The key selectivity comes from sequence complementarity: oligonucleotide probes are designed to hybridize with abundant rRNA molecules in the total RNA mixture. Once those hybrids form, RNase H digestion can target the RNA paired with the probe, or probe-based capture can remove the hybridized material. The remaining sample therefore contains a higher relative proportion of non-ribosomal transcripts.
Probe-based capture and RNase H digestion remove rRNA through different routes. Digestion uses the probe-rRNA hybrid as a substrate for enzymatic cleavage, whereas capture retains the hybridized rRNA so it can be separated from the rest of the sample. Both strategies pursue the same enrichment goal, but they represent distinct ways to deplete the dominant RNA class.
Compared with poly(A) selection, rRNA removal does not rely solely on that selection strategy. This distinction matters when the experiment includes messenger RNA together with other coding or noncoding transcripts. By reducing the space occupied by abundant rRNA, the method can allocate more sequencing reads to low-abundance targets and support analyses of transcript structure and gene expression.
The immediate outcome is relative enrichment rather than creation of new transcripts. Messenger RNA and other transcripts become more represented after rRNA reduction, which can improve the usefulness of sequencing data for examining low-abundance coding and noncoding RNAs. Researchers can also investigate transcript structure in a sample that is not restricted to poly(A)-selected molecules.

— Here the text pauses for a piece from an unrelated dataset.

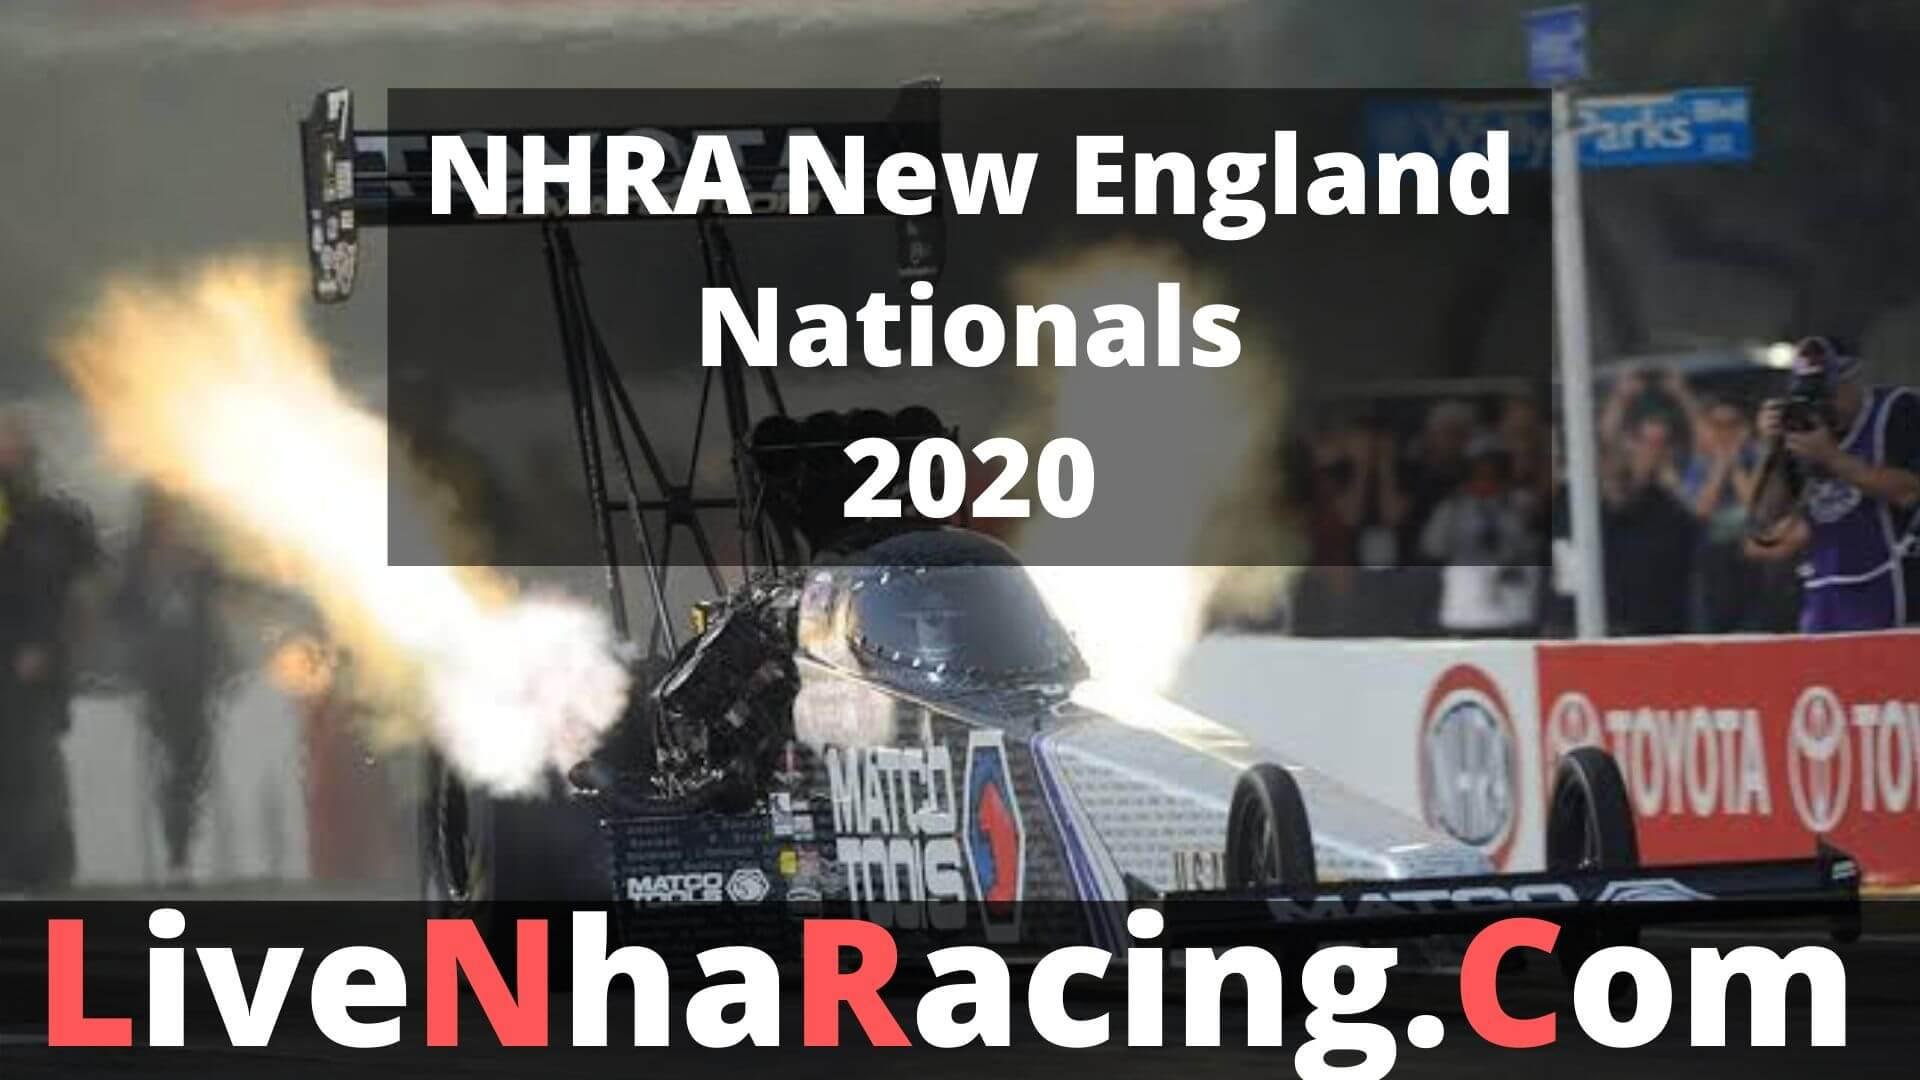 NHRA New England Nationals - Finals Live Stream
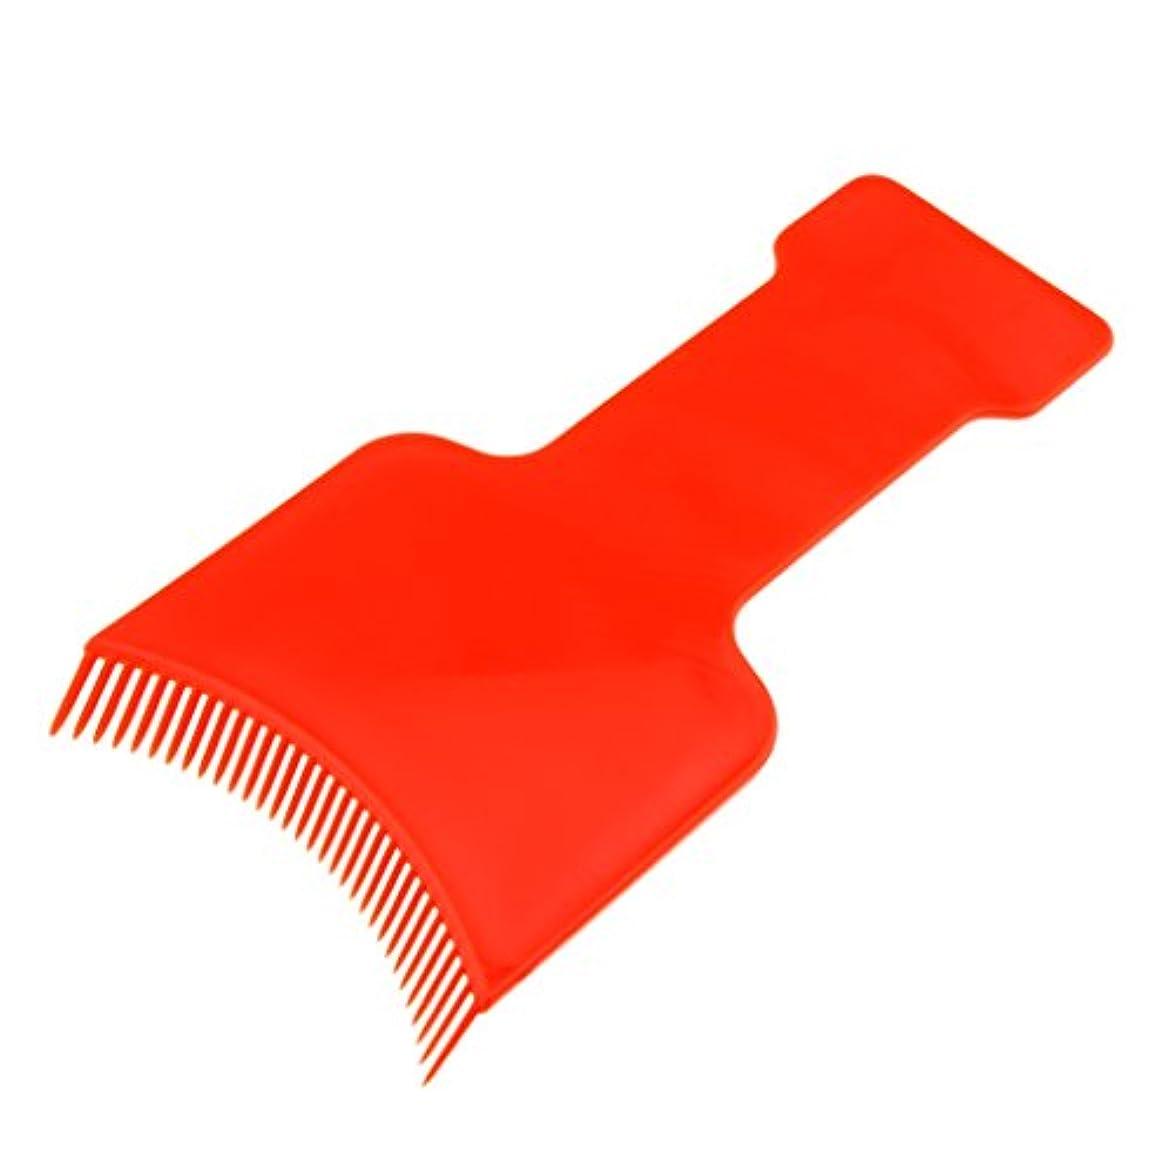 はっきりしないセンチメンタル桁T TOOYFUL ヘアカラーボード ヘアダイコーム ヘアダイブラシ 染色櫛 プレート ヘアサロン 用品

Starting with total RNA, the workflow introduces complementary oligonucleotide probes that hybridize to the targeted abundant rRNA molecules. The sample then follows one of two routes: RNase H digestion of probe-associated RNA or probe-based capture and separation. The resulting RNA fraction is used for sequencing, with more reads available for non-ribosomal transcripts.
It is particularly useful when researchers want sequencing access to low-abundance coding and noncoding RNAs, transcript structure, or gene expression without relying exclusively on poly(A) selection. The approach is therefore suited to transcriptomics questions requiring a broader representation of RNA species than a strategy centered only on poly(A)-selected material.
Successful depletion reduces the proportion of sequencing data dominated by abundant ribosomal molecules and increases the relative representation of messenger RNA and other transcripts. This can improve sequencing efficiency and read allocation, allowing the dataset to devote more attention to targets that may otherwise be underrepresented, including low-abundance coding and noncoding RNAs.
In biology, the method connects RNA sample preparation with questions about how genes are expressed and how transcripts are structured. Removing a highly abundant RNA class before sequencing helps researchers examine messenger RNA alongside other coding and noncoding transcripts. That broader transcript view is valuable when the study’s biological signal is not confined to poly(A)-selected RNA.